New research has revealed Anglesey was still connected to the mainland less than 6,000 years ago.

Hunter-gatherer humans were giving way to settled farmers when the Menai Strait became a permanent fixture between 5,800 and 4,600 years ago.

Mike Roberts, a mature student from Amlwch, discovered this while completing a PhD at Bangor University's School of Ocean Sciences.

"About 14,000 years ago the entire region of the Menai Strait was dry land and both humans and animals could easily cross from one side to the other," said Mike, who did not embark on his academic career until his late 30s, having previously worked as a plasterer and fisherman.

"Over the next few thousand years the climate warmed and melting ice caused sea levels to rise which, in turn, caused the coastline of Wales to take on its familiar shape and flooded the Menai Strait from either end.

Drilling rig in the Menai Strait
A drilling rig located in the Menai Strait faciltated the research

"Then one day sometime between 8,800 and 8,400 years ago, a high spring tide actually separated Anglesey from the mainland for the first time."

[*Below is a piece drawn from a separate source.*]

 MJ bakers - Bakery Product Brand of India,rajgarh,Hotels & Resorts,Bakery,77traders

For the next 4,000 years humans could cross from the mainland at low tide via a causeway in the vicinity of Ynys Gorad Goch in the Swellies.

But Mike discovered that some 5,000 years ago there came a moment when even the lowest of the low spring tides failed to reveal any dry land and the tidal strait as we know it today was first formed.

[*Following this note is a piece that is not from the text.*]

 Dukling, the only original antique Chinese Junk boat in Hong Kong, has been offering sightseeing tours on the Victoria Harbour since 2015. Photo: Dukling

He was able to discover the evidence for these developments by taking advantage of a drilling rig in the Strait.

It had been set up in 2002 to build a mooring for the university's new research vessel.

"What you need to reconstruct sea levels is to get really deep down under the sea bed," said Mike.

"So we asked them to drill down and bring up a sediment core.

Ice sheets

"Part of that sediment was laid down when the Menai was dry land. You can date at which depth this occurred by carbon-dating the plant matter.

"There's a clear change between stuff laid down when it was land and when it was part of the sea."

This newly-discovered history of changing sea levels in north Wales has also revealed information about the size of the ancient ice sheets that used to cover Snowdonia, plus when and how fast they disappeared.

Professor James Scourse, one of Mike's PhD supervisors, said: "Mike's study not only unlocks the recent geological history of the region in which we work, it also demonstrates that the NE Menai Strait is one of the most important localities for sea-level reconstructions in the whole of Europe.

"The amount of data from this single locality is unprecedented".

The research was supported by the Cemlyn Jones Trust and the Countryside Council for Wales.